The Marvellous Mabel Normand
As part of the BFI’s Comedy Genius blockbuster season, we’re celebrating the career of a silent screen legend: Mabel Normand.
Normand was the irrepressible spirit of early Hollywood, an extraordinary performer from the anarchic days of Mack Sennett’s Keystone Company to the more polished comedies of the 1920s.
As an actor, producer and director she worked with the best, and, in a new BFI compilation of short films, we see her with Mack Sennett, Charlie Chaplin, Fatty Arbuckle and a young Oliver Hardy — but make no mistake, Normand’s the star here.
Including Mabel’s Dramatic Career (1913), Mabel’s Blunder (1914), His Trysting Place (1914) and Should Men Walk Home? (1927), this new package is accompanied by a brilliant new score from the Meg Morley Trio that perfectly complements Normand’s riotous brand of comedy.
The BFI has cleared international rights on the programme, which is available to book and license worldwide now.
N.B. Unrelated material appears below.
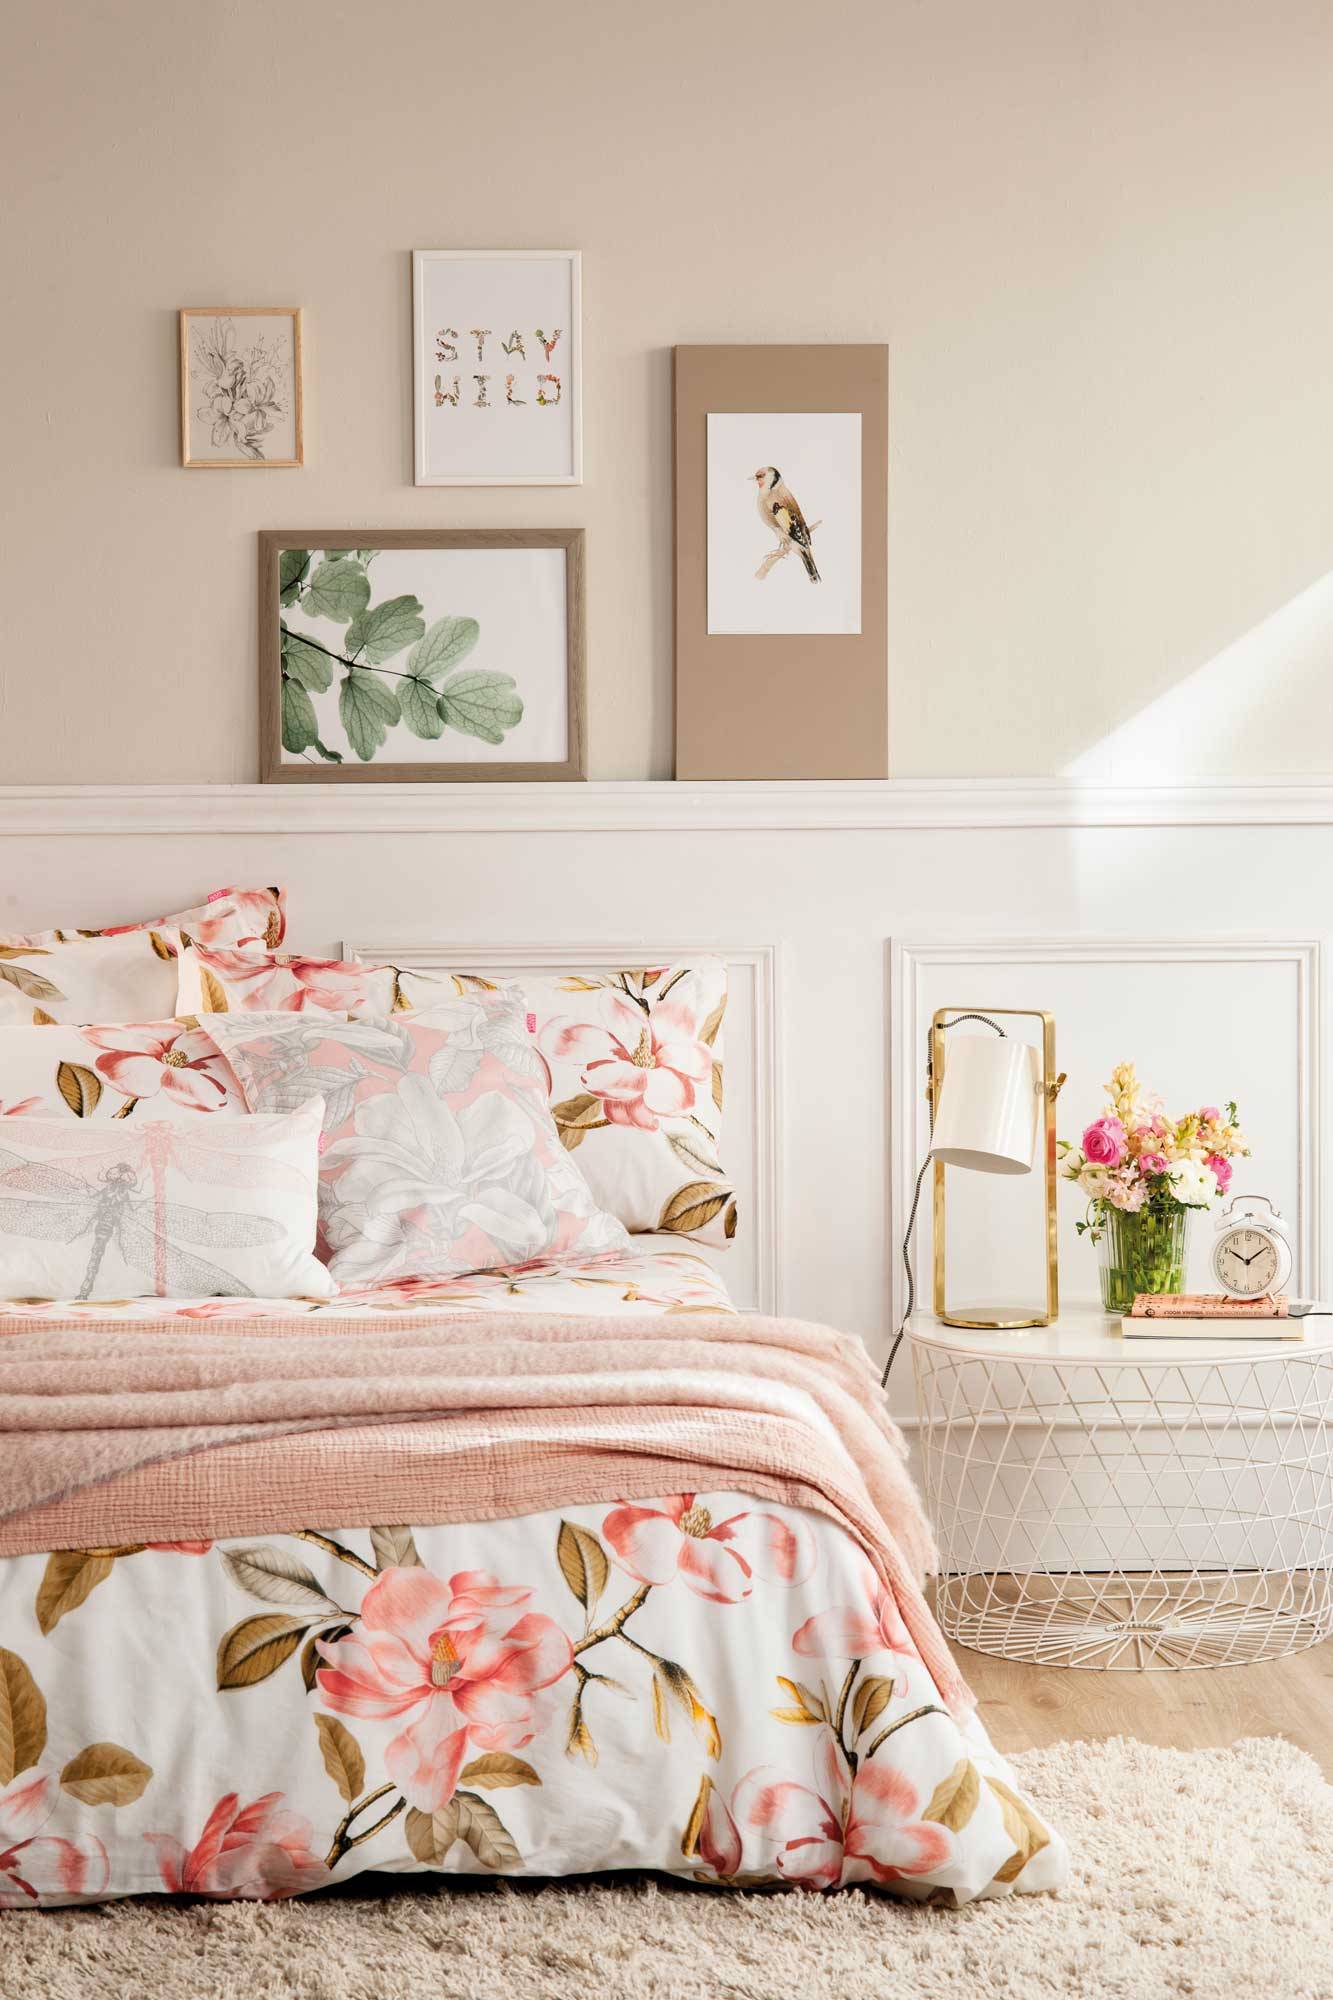 dormitorio-estilo-romantico-con-ropa-de-cama-en-neutros-y-rosa-00508333

For queries about screenings or live events please contact BFI Bookings, and for licensing please email our sales team.
Loneliness, loss, love and libido are just some of the subjects explored in a new programme of animated short films, commissioned through Animation 2018, the prestigious programme from the BFI and BBC Four, designed to find and support the UK’s most exciting new and emerging animators.
Each film received production grants and will be broadcast on BBC Four in December, following a launch event at BFI Southbank, London, on 19 November.
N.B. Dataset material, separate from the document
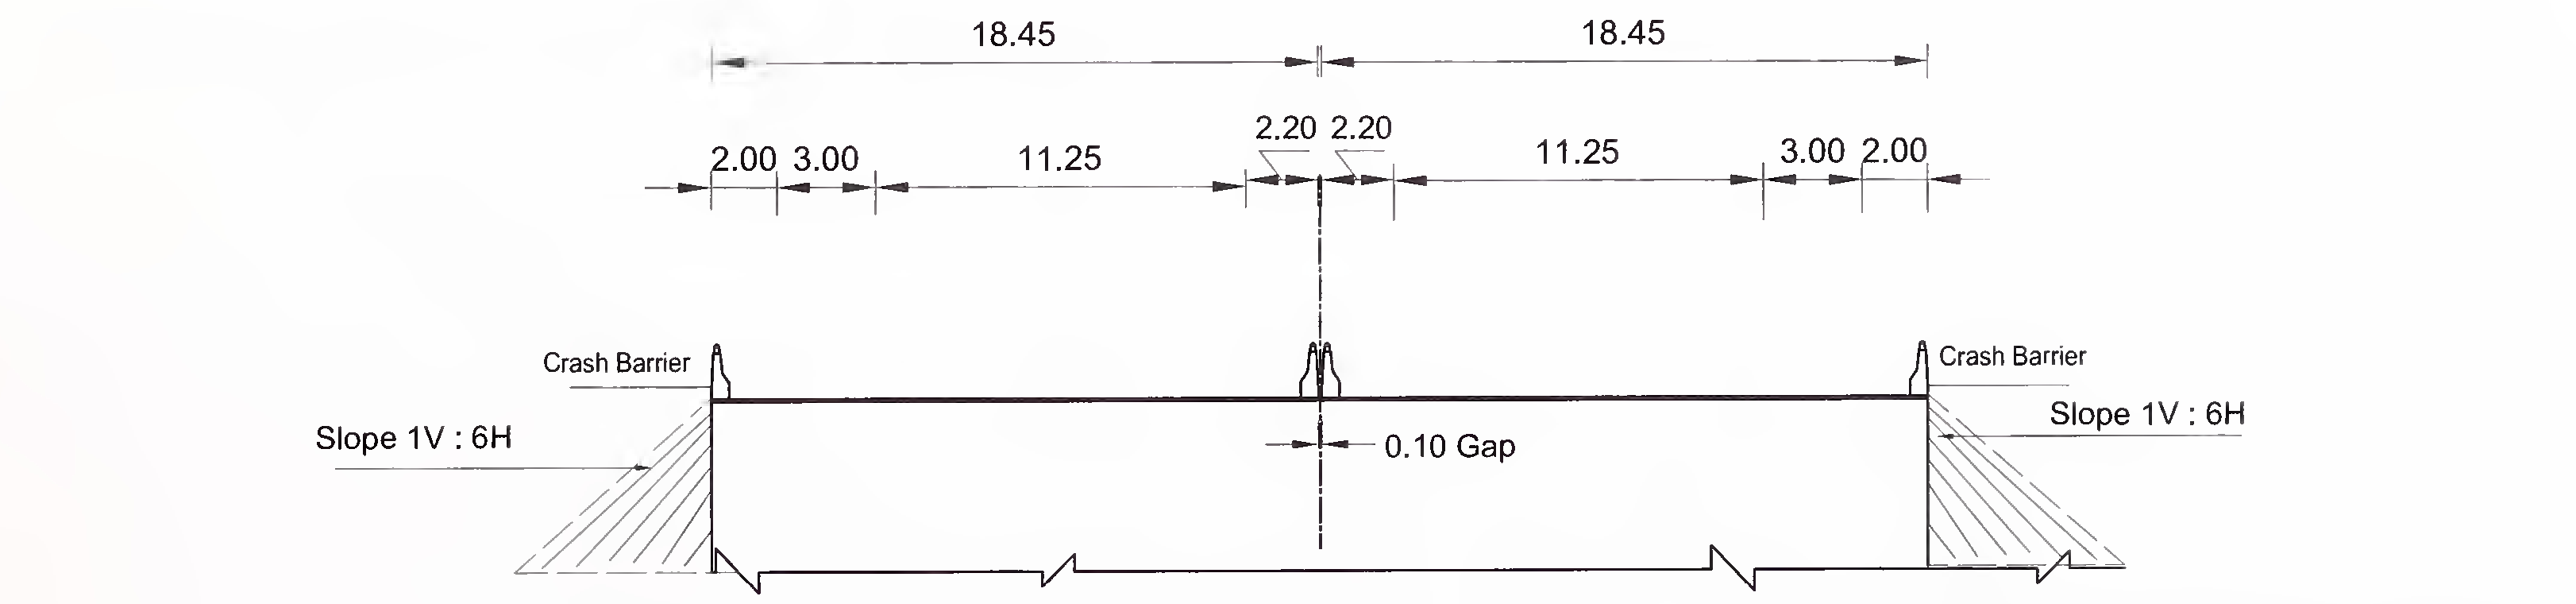 ਚਿੱਤਰ 6.4 (ਅ) ਫਲੈਸ਼ ਮੇਡਿਅਨ ਦੇ ਨਾਲ 6-ਲੇਨ (2 × 3) ਐਕਸਪ੍ਰੈਸ ਹਾਈਵੇ ਲਈ ਸਲੈਬ ਅਤੇ ਬਾਕਸ ਟਾਈਪ ਕੁਲਵਰਟ ਦਾ ਖਾਸ ਕਰਾਸ-ਸੈਕਸ਼ਨ

A selection of the animations are available to license now from the BFI. For more information please contact our sales team.
BFI / Juno Films partnership
The BFI National Archive’s restoration of Shiraz (1928) has crossed the Atlantic and starts a US tour this December.
Acquired by our North American distribution partner, Juno Films, Shiraz screens in Chicago, Albuquerque, New York and Denver and is available now for booking across the US.
Juno Films will also be bringing Arcadia (2017) to the North American market in the first half of 2019.
BFI titles on tour
Documentary Centre, Guangzhou
We are proud to be collaborating with Guangzhou Library and the Guangzhou Documentary Film Festival on the launch of their dedicated, new Documentary Centre. They will be screening Drifters (1929), Night Mail (1936) and Industrial Britain (1931), from pioneering British filmmaker John Grierson, who first coined the term ‘documentary’.
BFI and Korean Film Archive
BFI is pleased to announce an exchange of archive restorations with the Korean Film Archive, in association with the Korean Cultural Centre UK.
In February 2019, BFI Southbank and KCCUK in London will screen every known surviving Korean film made before 1945 — many showing in the UK for the first time — while Korean audiences will be able to see BFI National Archive restorations of classic British films this December.
The programme of 11 BFI Treasures includes The Informer (1929), Shooting Stars (1928) and the BFI’s new restoration of Terence Davies’ Distant Voices, Still lives (1988), in addition to work by Alfred Hitchcock, David Lean, Derek Jarman, Margaret Tait and Ken Russell.
Black Star at TIFF
Inspired by the BFI’s original groundbreaking programme at BFI Southbank, TIFF ran a second edition of Black Star in October, in what they hope will become an annual event celebrating black excellence on screen.
And finally, two BFI restorations screened at festivals in Italy this month. The DCP of The Edge of the World (1937) screened at the 36th Torino Film Festival, as part of a complete retrospective of the films of Powell and Pressburger, whilst Shiraz screened at Cinema La Compagnia for the 18th edition of River to River, the Florence Indian Film Festival on 8 December.
Margaret Tait at 100
11 November 2018 marked the 100th anniversary of acclaimed poet-filmmaker Margaret Tait and the launch of centenary events across the world.
The director of many distinctive short films, over a long and illustrious career, Tait directed just one feature film late in her life: the partly autobiographical Blue Black Permanent (1992).
Newly remastered in 2K to mark the centenary, the film — the first directed by a Scottish woman — explores loss and remembrance in characteristically bold and original fashion, encapsulating Tait’s innovative and passionate approach to the medium.